Stop accepting that government-run means poorly run. The DMV and the Post Office are punchlines precisely because we fund and administer them to produce that result. That is a choice, not a law of nature or a requirement of economic feasibility. It's a product of our policy priorities, of what we actually value most and least. Politicians should once again pay a career-ending price for not at least maintaining the appearance of being honorable. Letting every transgression pass – we now elect convicted felons and sexual predators – is an expression of the gulf between government and the people it is meant to serve.
Privatizing essential services has not improved them. It has made them profitable for some and inaccessible to others. We have the privatized and most expensive healthcare system in the developed world, delivering great stock returns and super wealthy CEOs, along with third-tier public health outcomes to millions who cannot afford basic medications or insurance itself. This is what institutional abandonment looks like. This, sadly, is what actual American priorities look like.

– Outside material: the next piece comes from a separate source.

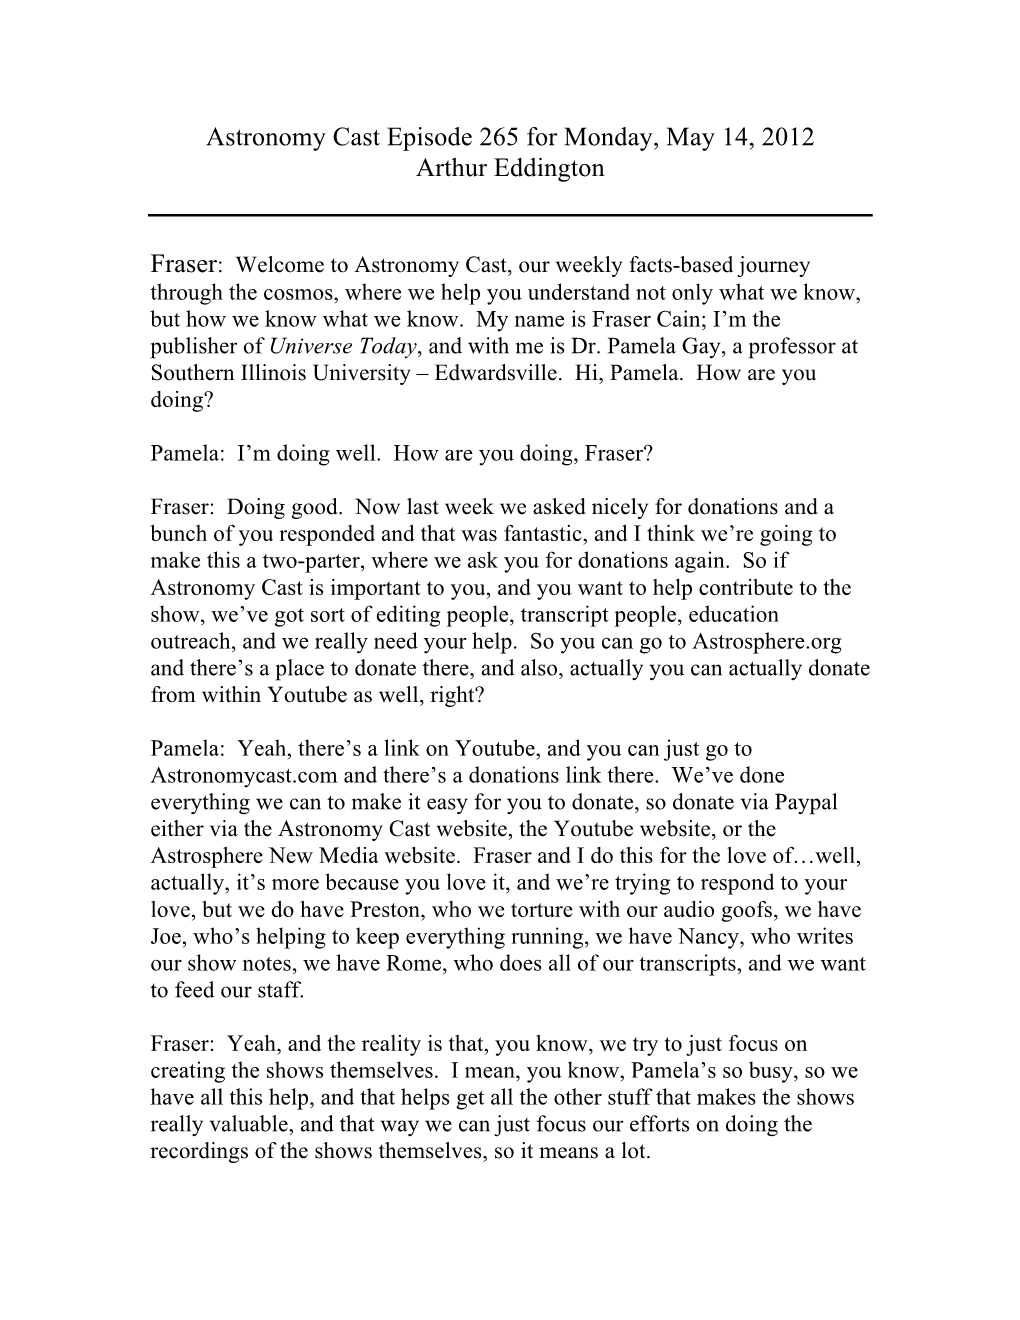 Astronomy Cast Episode 265 for Monday, May 14, 2012 Arthur Eddington
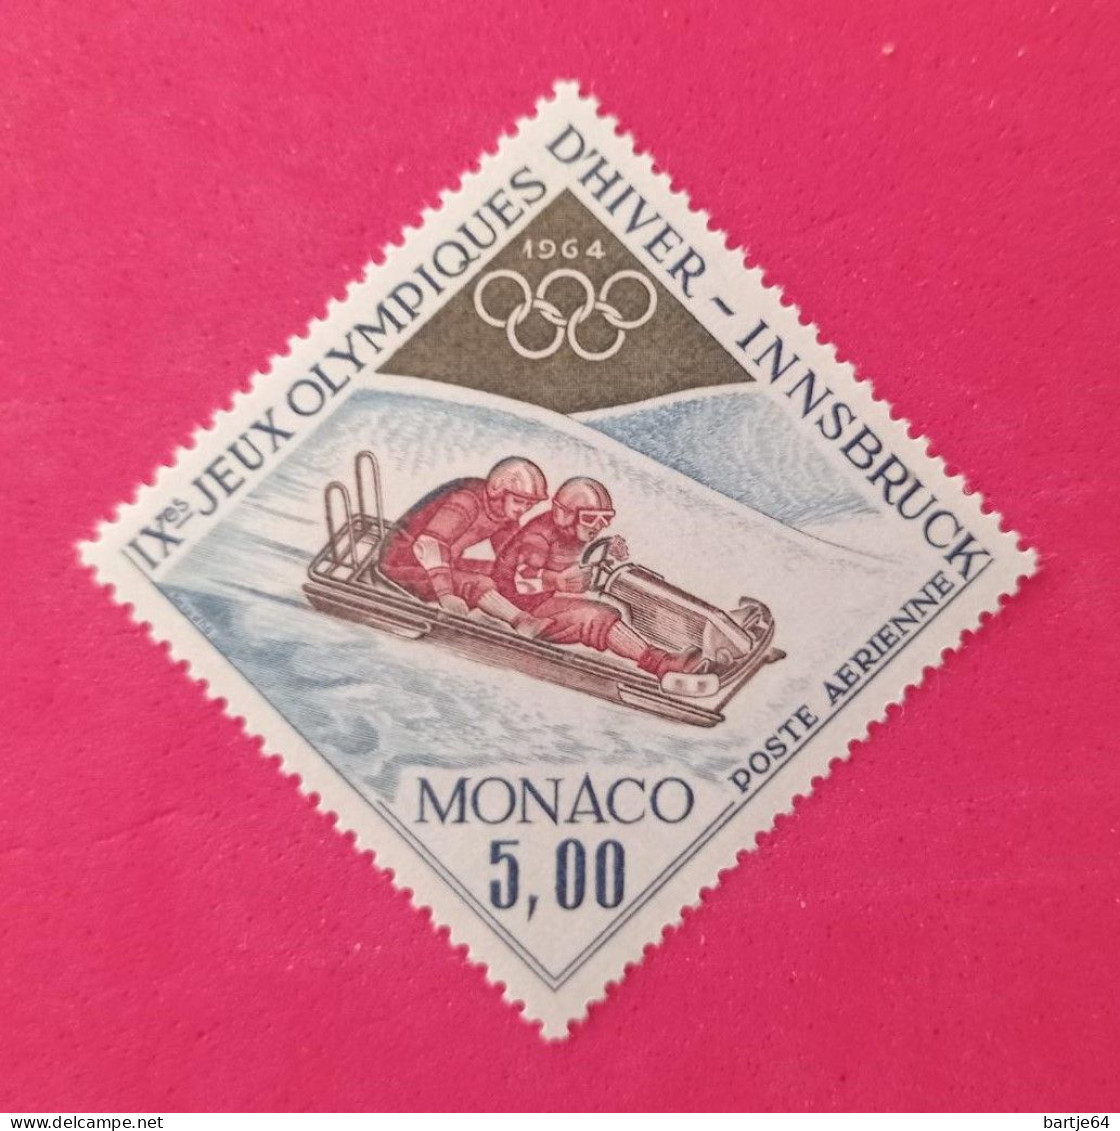 1964 Monaco - Stamp MNH - Hiver 1964: Innsbruck

Building institutions that deserve trust is not a giveaway to the undeserving. It is the only alternative to the cycle of optional suffering this essay has described. More simply, how could building institutions that deserve trust not be the right thing to do? It's really not complicated, just difficult.
Dueling ended not because people became more civilized, but because something better was offered and made credible. That is how a culture becoming more civilized actually happens. Portugal showed it in a particular domain. Finland too, and has kept it going over decades. Social Security and Medicare showed it here, in this country, against fierce opposition, and the results have outlasted every attempt so far to take them back. Germany showed what it looks like to build institutions specifically designed to prevent the worst from happening again – and shows, right now, that the worst is always trying to happen again. We need to build institutions worth holding onto. We need to actively hold onto them.